Open letter from Jacob O'Callaghan

"To the Mayor and all Councillors, London Borough of Haringey as Trustee of Alexandra Palace

Dear Mr Mayor and Councillors,

ALEXANDRA PALACE


YOU know from previous letters to you all that I challenged the financial information on which the application to the Charity Commission was made for the "holistic" disposal of the whole Palace. I then successfully applied for Judicial Review of the Commission's Order authorizing the lease, on the obvious grounds of insufficient information given to objectors. The Alexandra Palace, a building of national and international importance, is governed by Acts and Orders of Parliament.

IN COURT the judge placed heavy emphasis on the undertaking of Fiona Mactaggart MP to Parliament in proposing the 2004 APP Order that there would be sufficient public consultation about any proposed lease. He was astonished that the Commission, and the Trustees, appeared to have ignored this solemn promise to Parliament.

OF COURSE, what Ms Mactaggart had also solemnly promised Parliament during the debate in answer to concerns raised by MPs, and the Commission and Trustees and their advisers had equally overlooked, was that any proposed lease would not be allowed simply to be a commercial one.

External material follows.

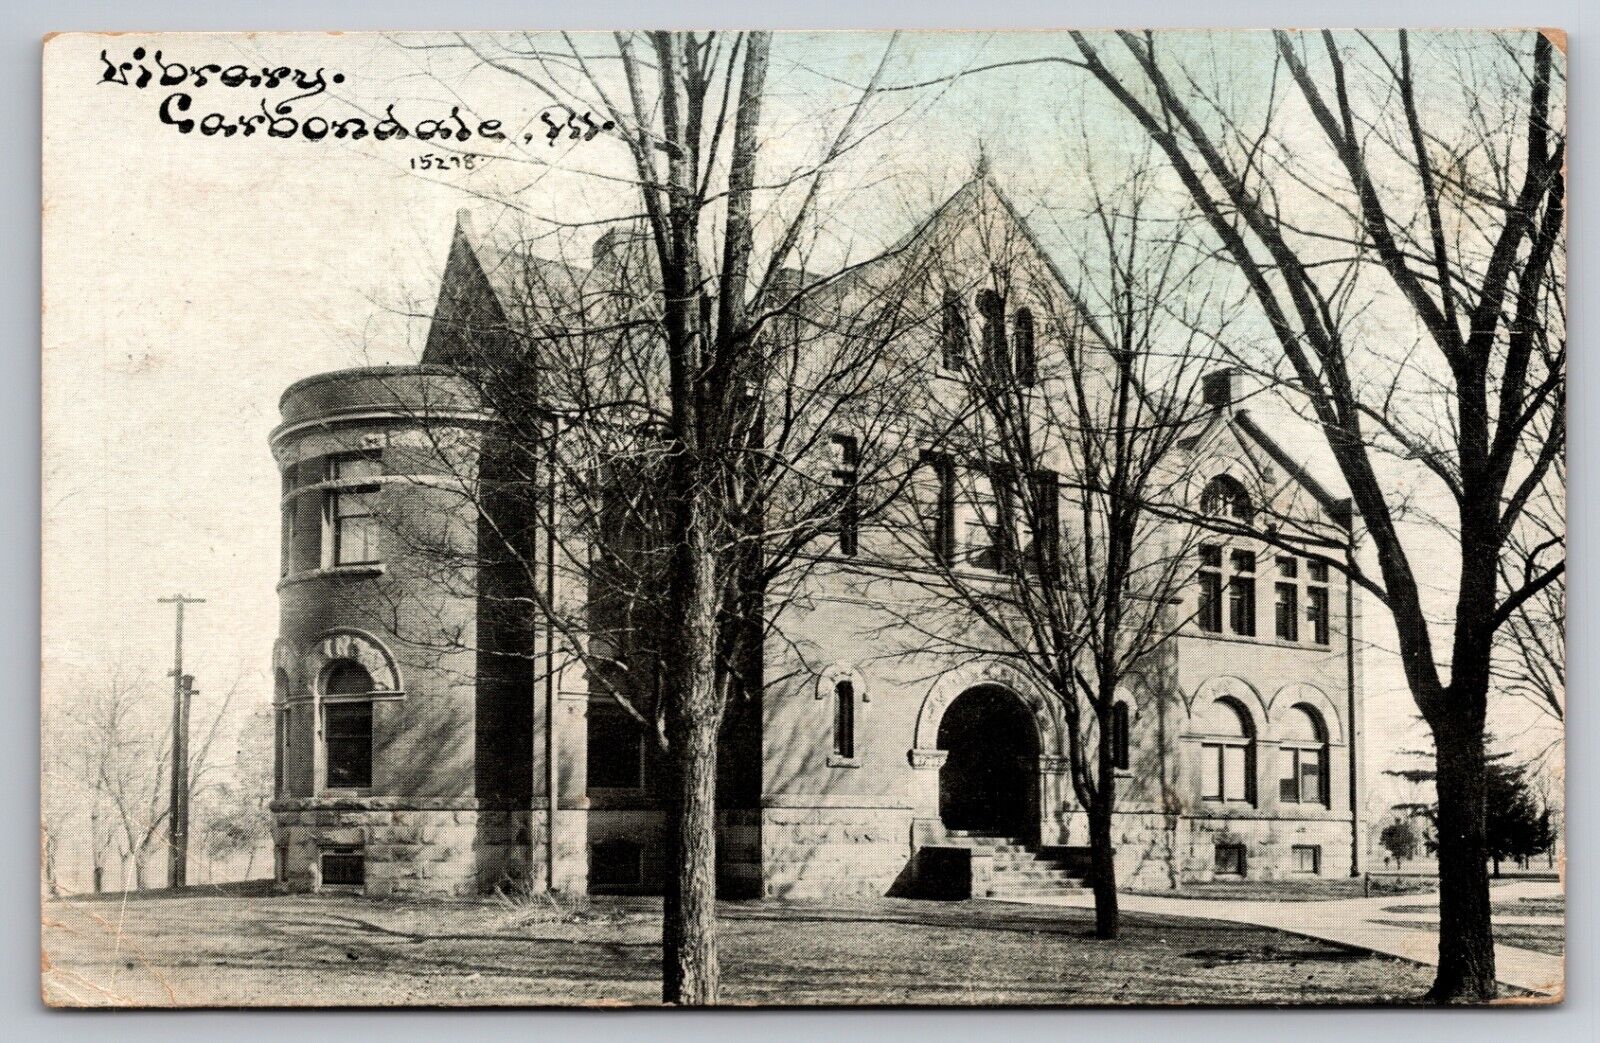 Library Normal University Carbondale Illinois IL 1913 Postcard

I AM sending to you with this letter a copy of a legal Opinion I have obtained on behalf of the Save Ally Pally Campaign from Francesca Quint, a well- respected charity law barrister who has been legal adviser to the Charity Commission, about the extent of the legal powers and restrictions of the Mayor and Burgesses of Haringey regarding leasing the Alexandra Palace, This has already been sent to the Charity Commission and the Attorney General via the Treasury Solicitor. Our solicitor sent it to Howard Kennedy, solicitors to the Board, so that it be brought to the attention of the trustees as well. I am re-sending it now to members for ease of reference in time for Tuesday's Board meeting.

WHAT this Opinion now confirms is that the 2004 APP Order does not allow the grant of a long lease of the Palace simply to earn a financial return. The User Clause of any lease granted by the trustees must continue to safeguard the continued free use of the Palace for recreational - that is, charitable recreational and educational - purposes. ("Recreational" has, in a charity context, a more restrictive meaning than its common use.)

WE are advised, and we feel it would be in the interests of all parties and helpful to pass on this advice to the charity trustees, that the scope of consultation by the Commission about any new application for an Order authorizing any lease would have to take account of the principles in Mrs Quint's analysis, if that consultation is not to be again challengeable by judicial review.

WE have now had sight after various FoI applications of most of the putative Master Agreement, the Lease and the Project/Building Agreement. So we are, additionally, quite confident on the basis of this Opinion that these agreements would have in any event not survived a separate challenge in the Chancery Division under charity law should the JR not have succeeded, as will any similar new agreement most if not all of whose terms, of course, will now have to be disclosed to the beneficiaries of the charity in connection with any new consultation.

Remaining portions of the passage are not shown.